→ THE TASK
Transcribe, exactly and in full, every record shown below, while omitting its images.

→ INPUT DATA
=====
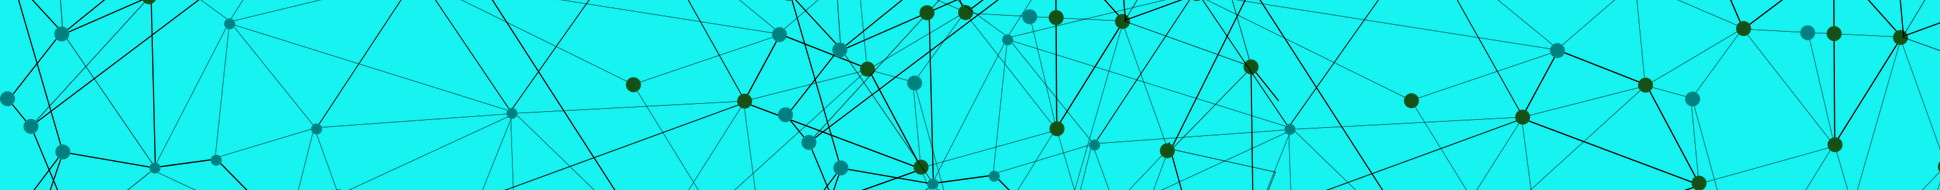 image of networked nodes with a blue background
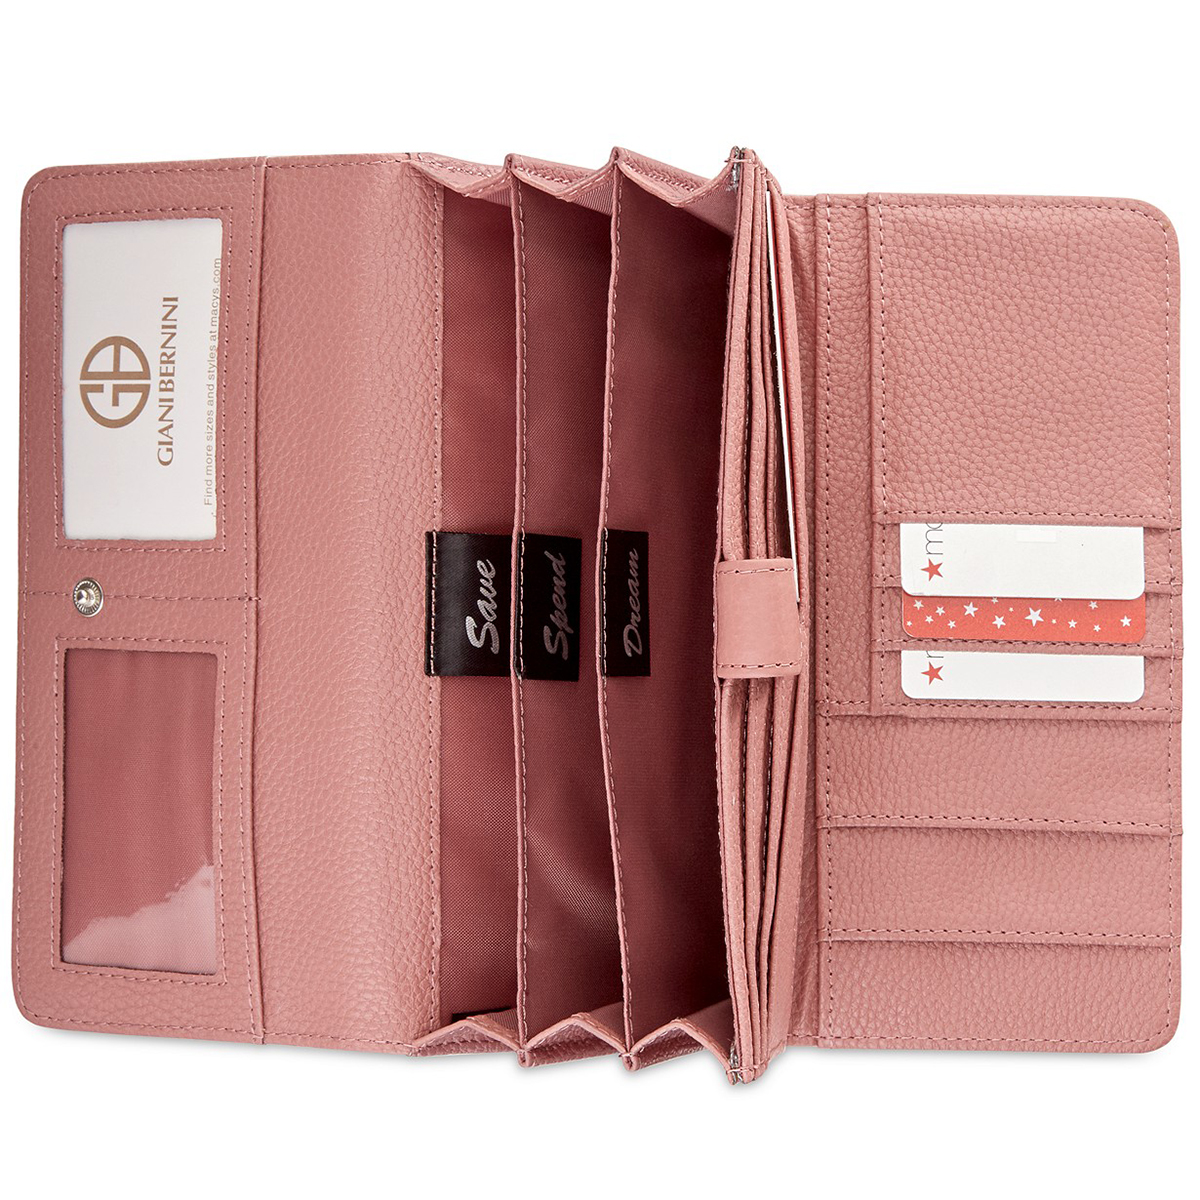 Organization Has Never Been So Easy With This 40%-Off Wallet
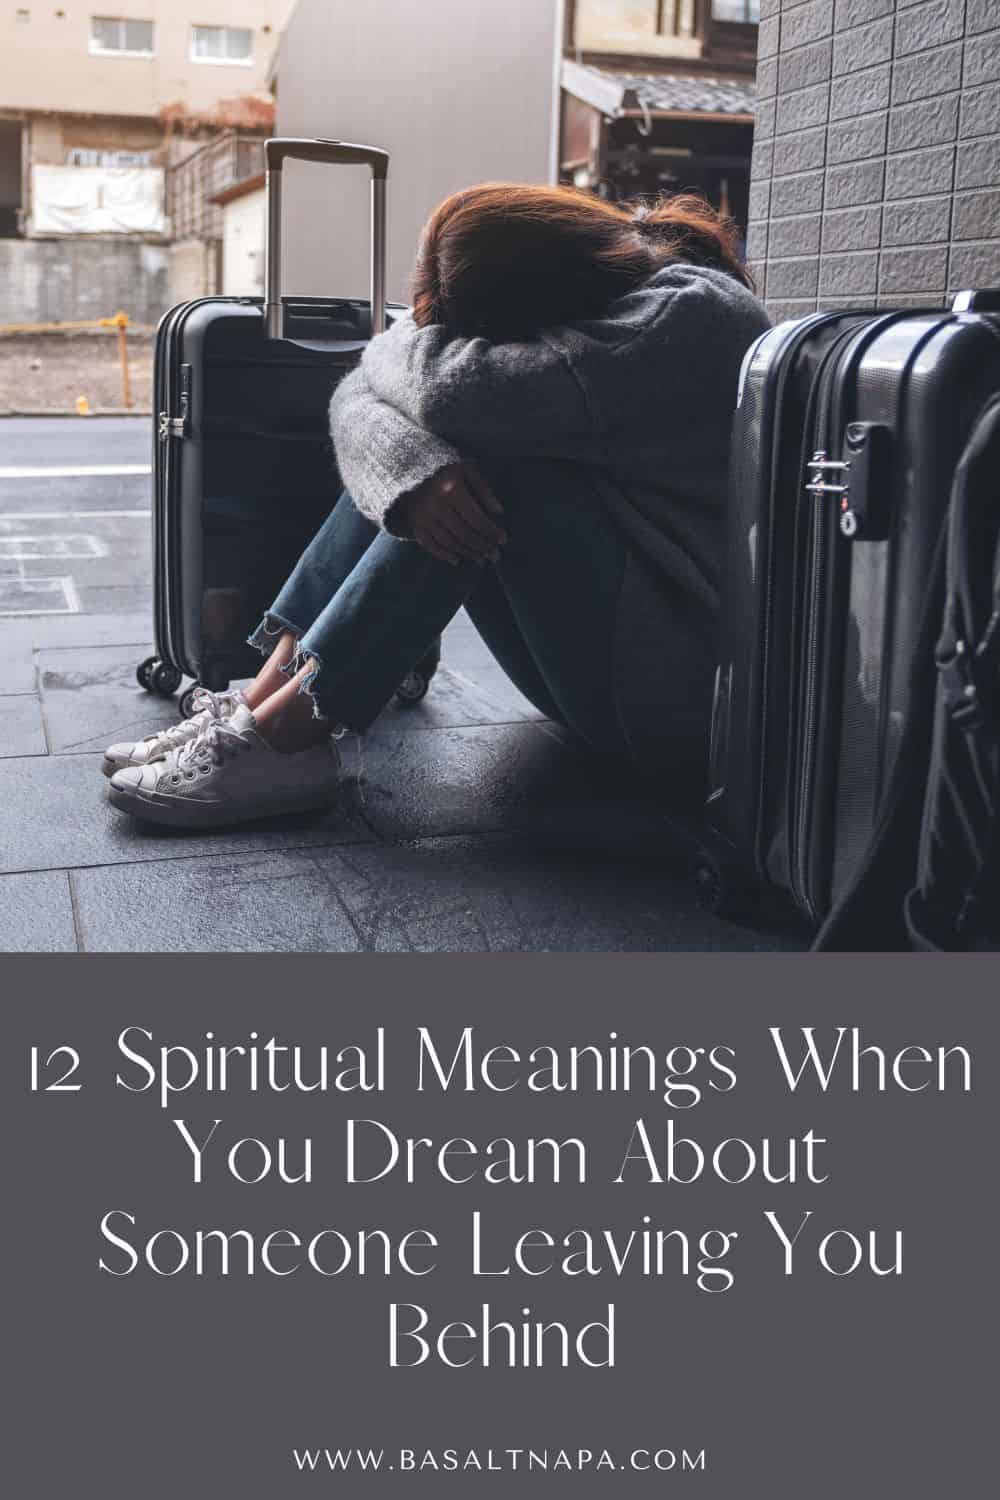 12 Spiritual Meanings When You Dream About Someone Leaving You Behind
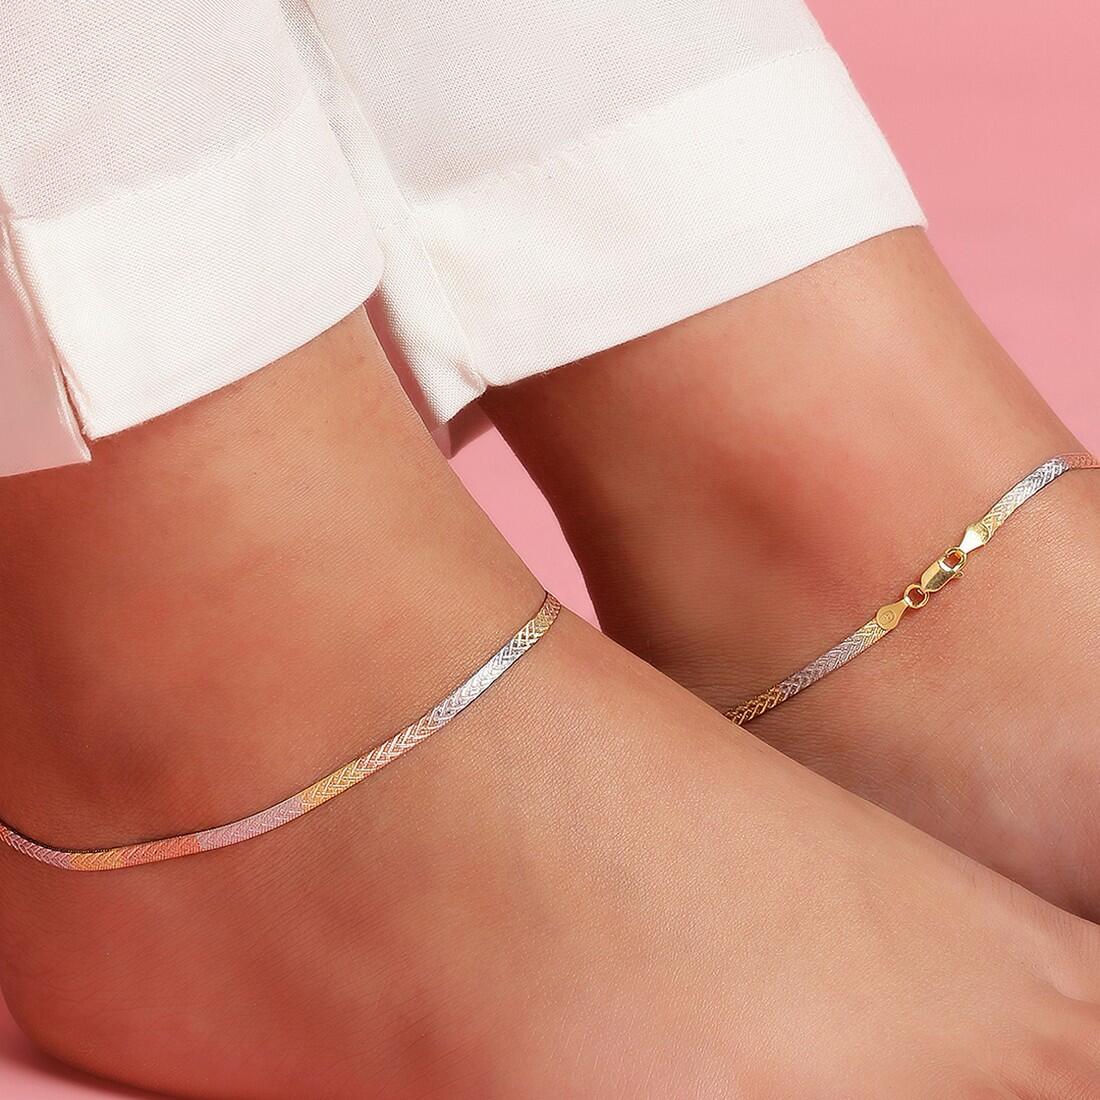 Mystical 925 Silver Anklet in Triple Tone
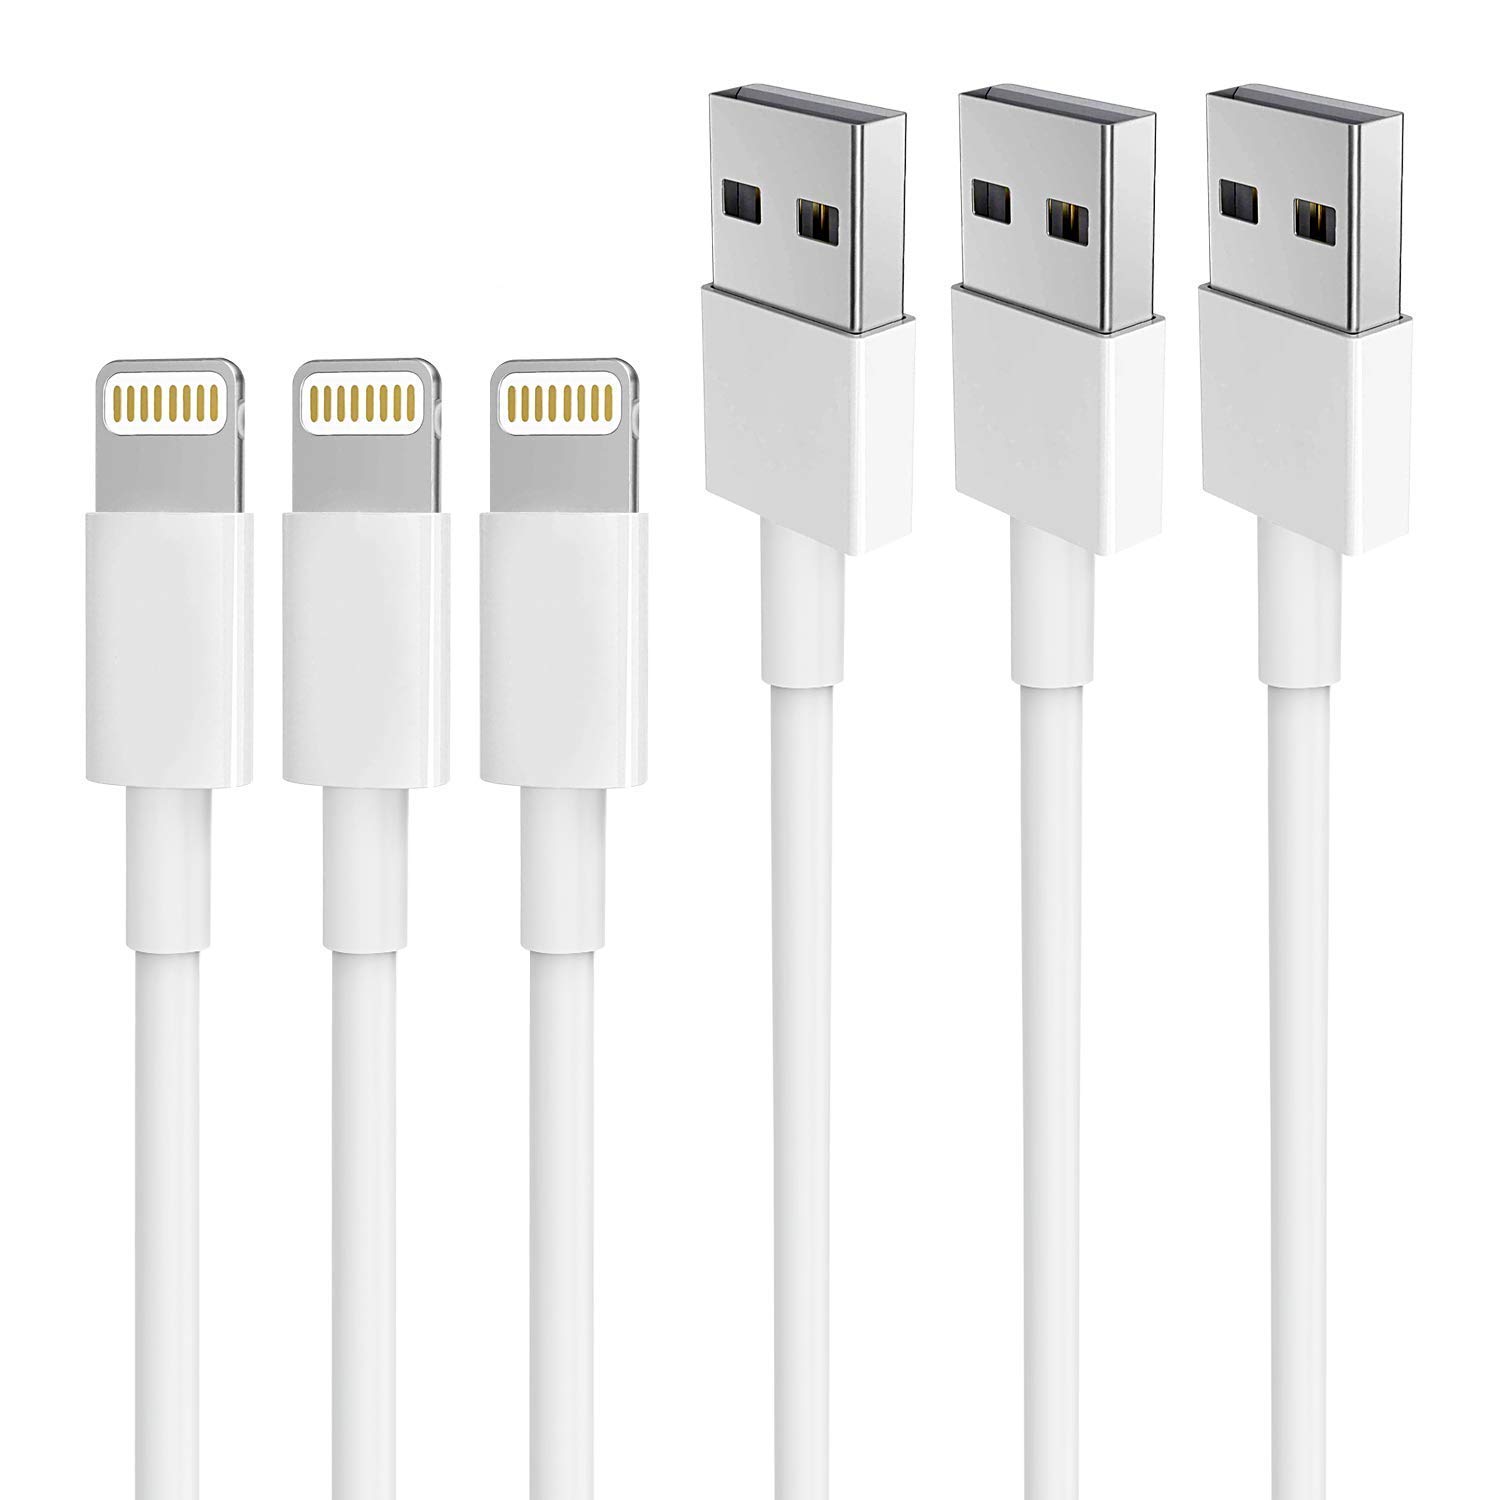 AUNC Extra Reach Tangle-Free iPhone Charger Cords, 3-Pack
=====
→ REPLY
 image of networked nodes with a blue background
 Organization Has Never Been So Easy With This 40%-Off Wallet
 12 Spiritual Meanings When You Dream About Someone Leaving You Behind
 Mystical 925 Silver Anklet in Triple Tone
 AUNC Extra Reach Tangle-Free iPhone Charger Cords, 3-Pack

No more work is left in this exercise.